### Source data

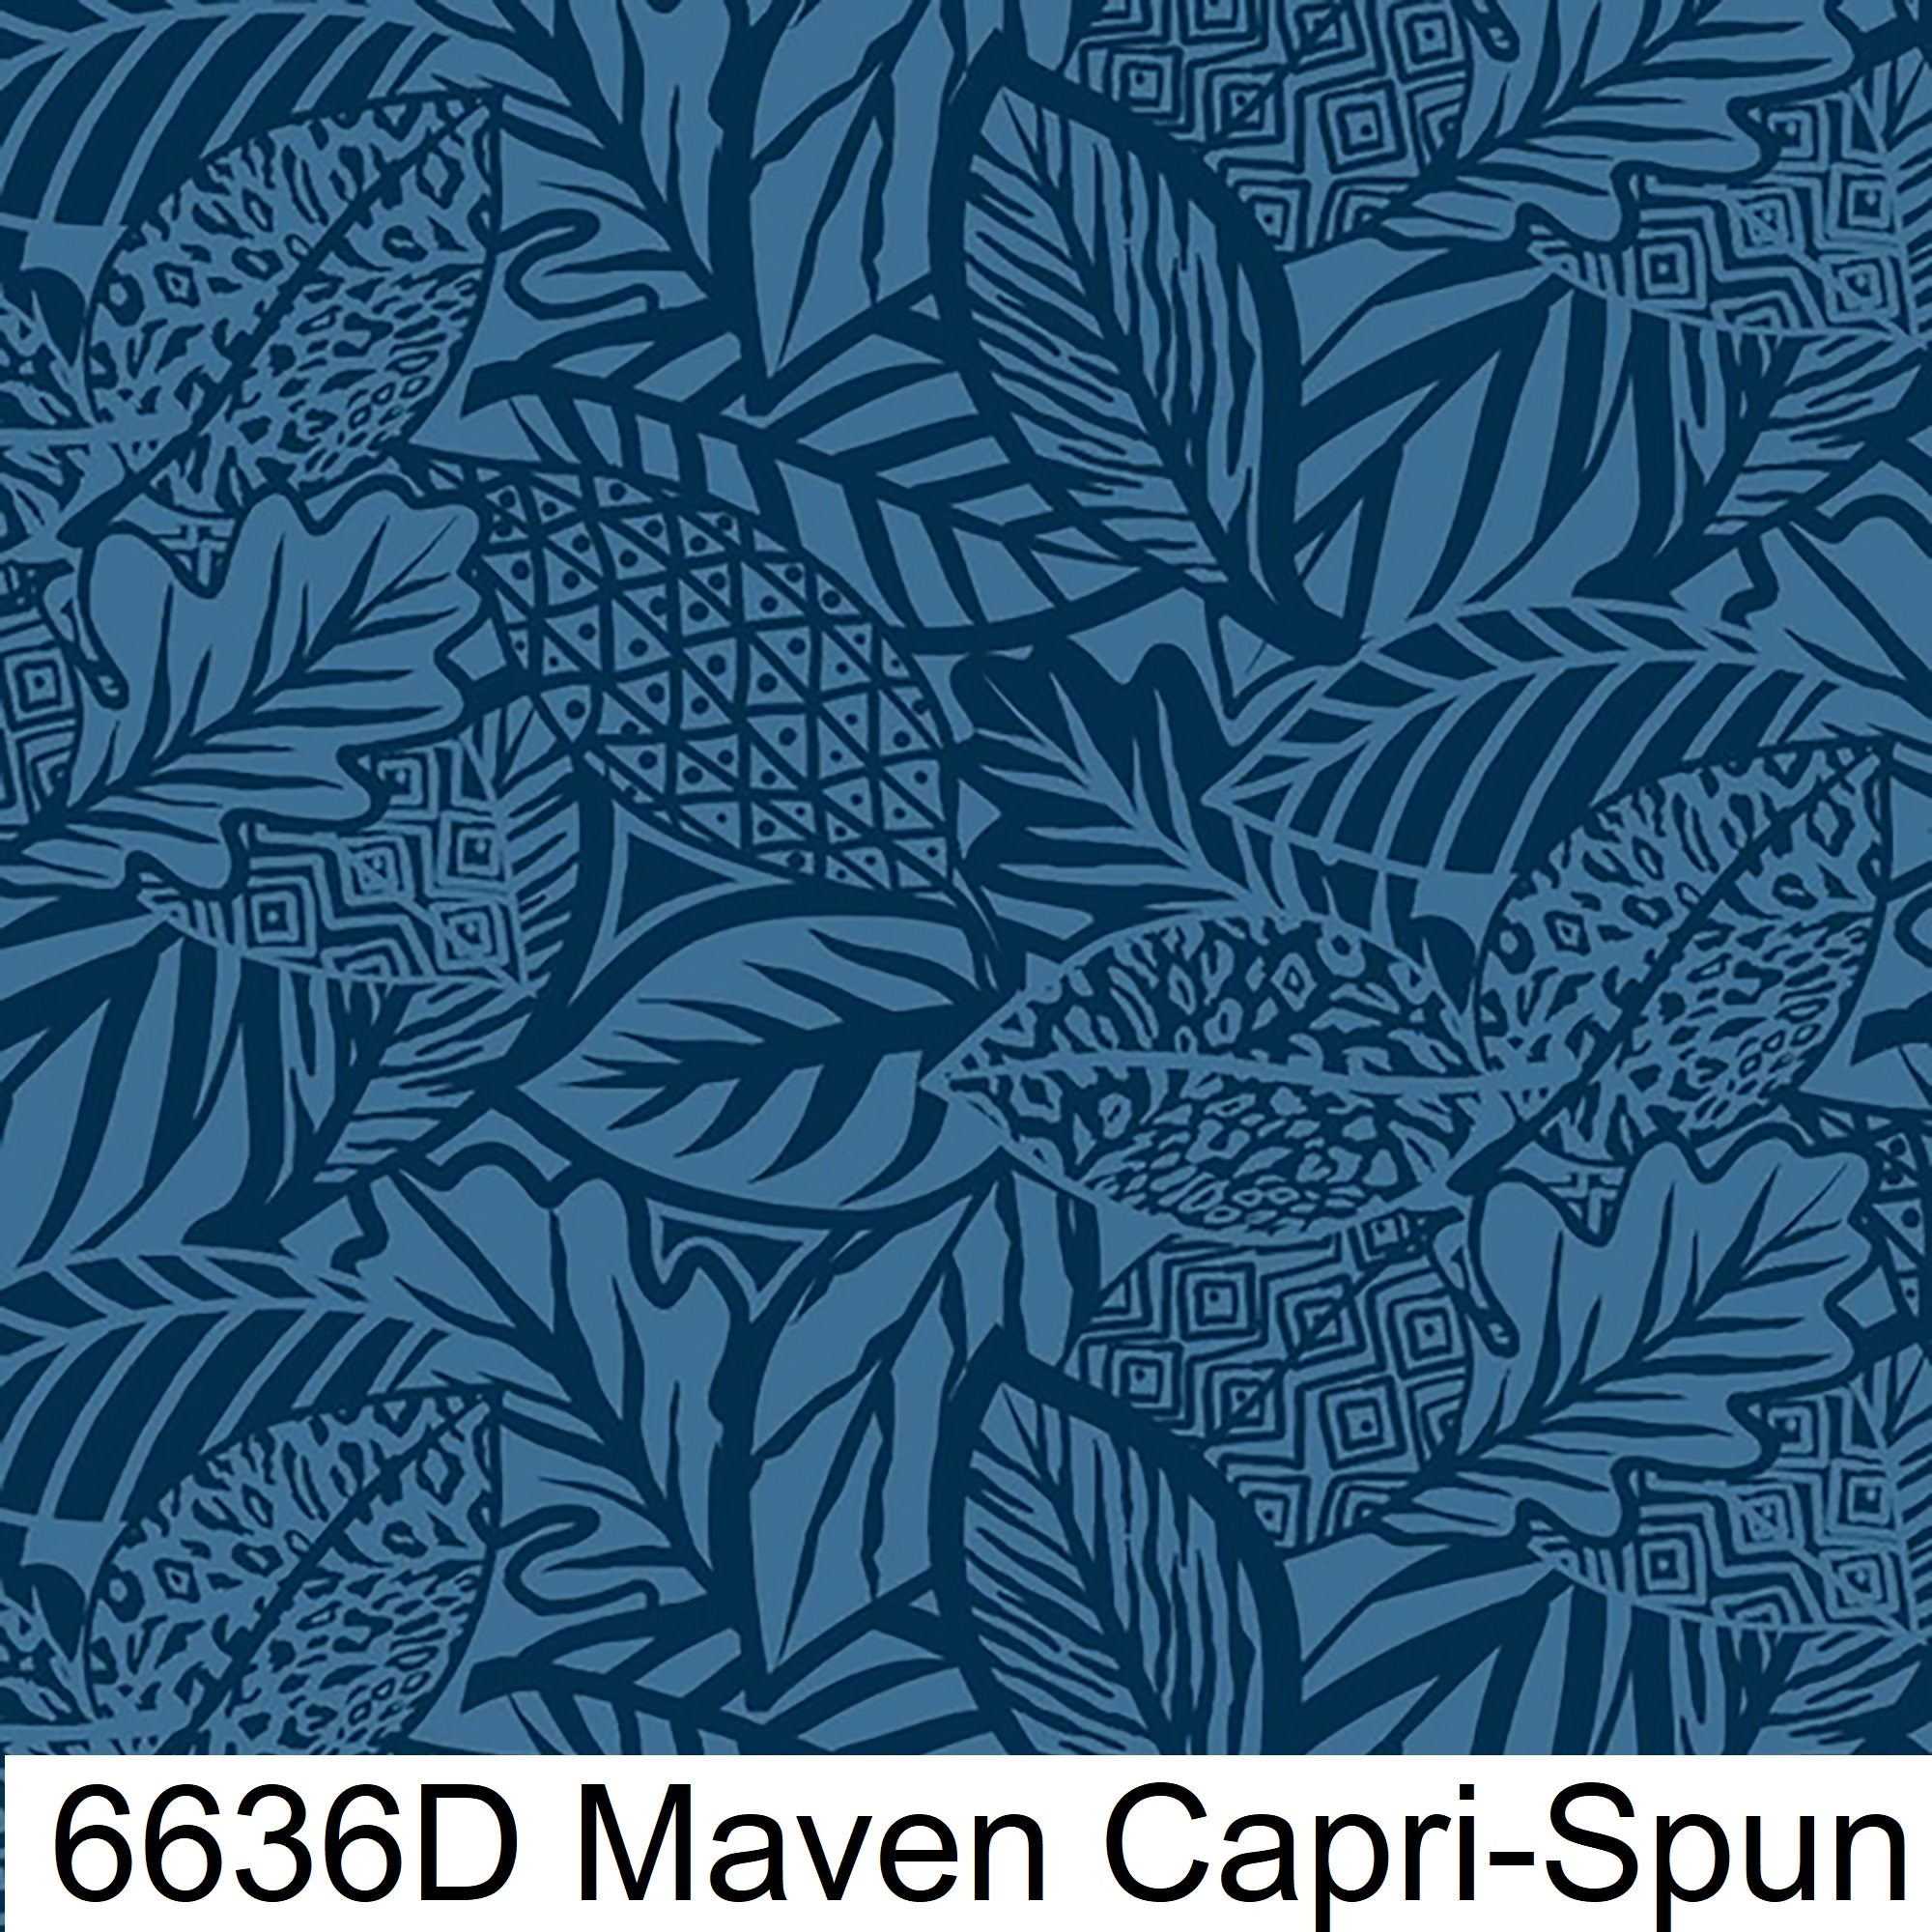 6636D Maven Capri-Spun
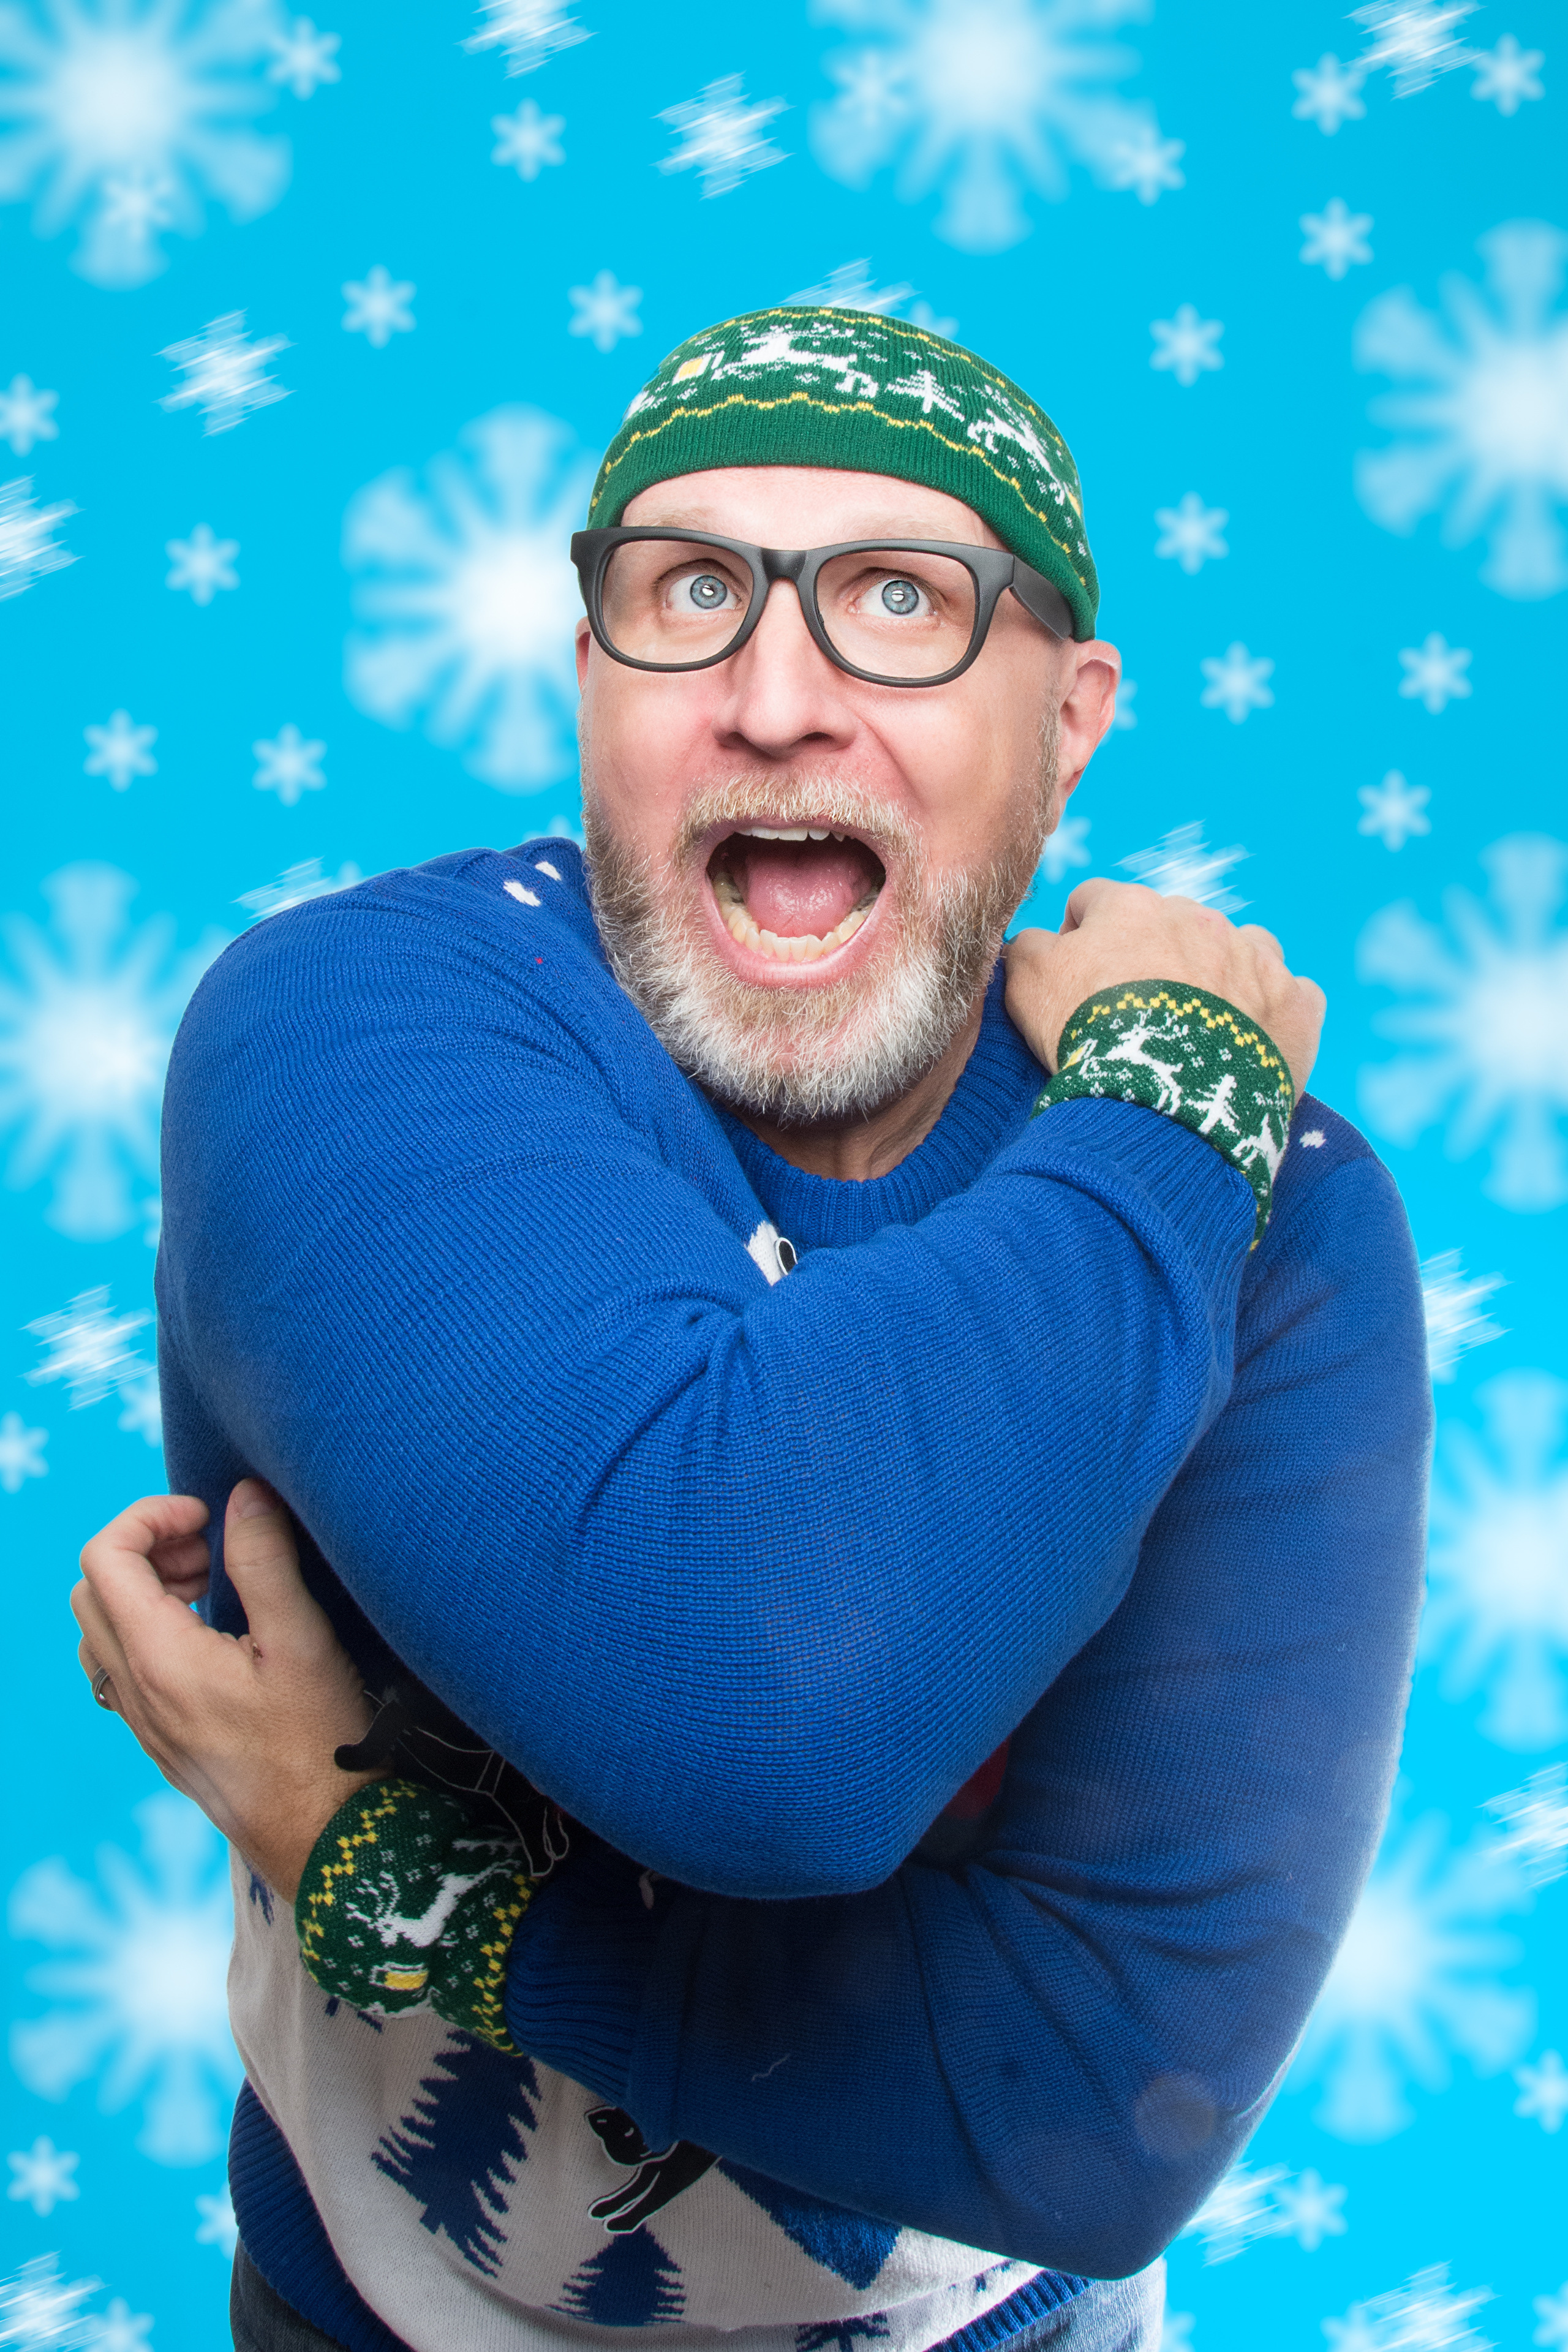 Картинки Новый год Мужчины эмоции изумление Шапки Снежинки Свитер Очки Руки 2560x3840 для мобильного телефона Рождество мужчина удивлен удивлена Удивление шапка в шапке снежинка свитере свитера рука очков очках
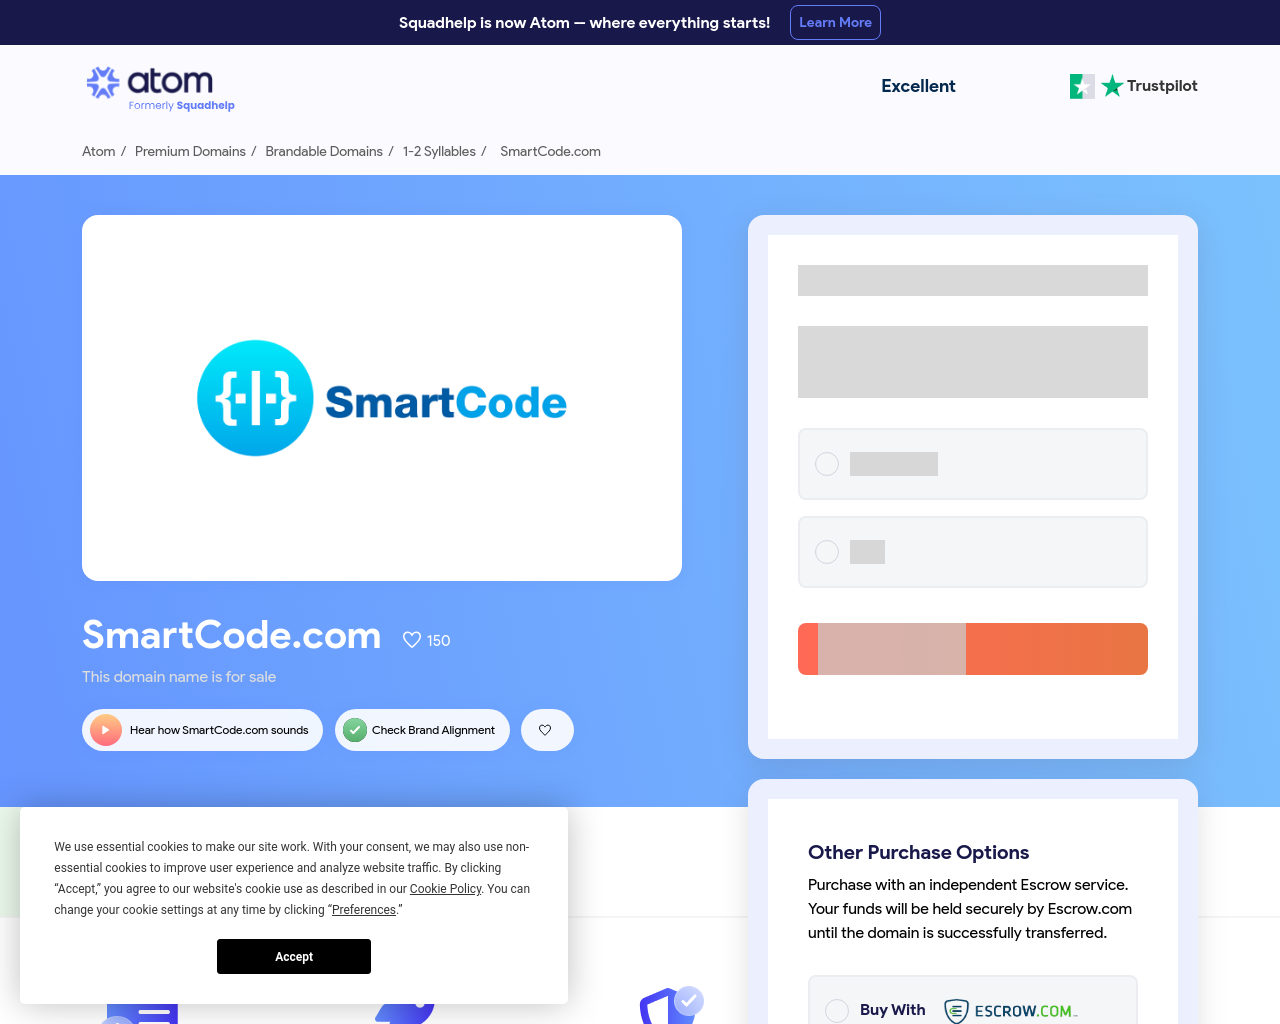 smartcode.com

### Exercise aim
Every line above should be duplicated exactly; the pictures are to be left out.

### Answer section
 6636D Maven Capri-Spun
 Картинки Новый год Мужчины эмоции изумление Шапки Снежинки Свитер Очки Руки 2560x3840 для мобильного телефона Рождество мужчина удивлен удивлена Удивление шапка в шапке снежинка свитере свитера рука очков очках
 smartcode.com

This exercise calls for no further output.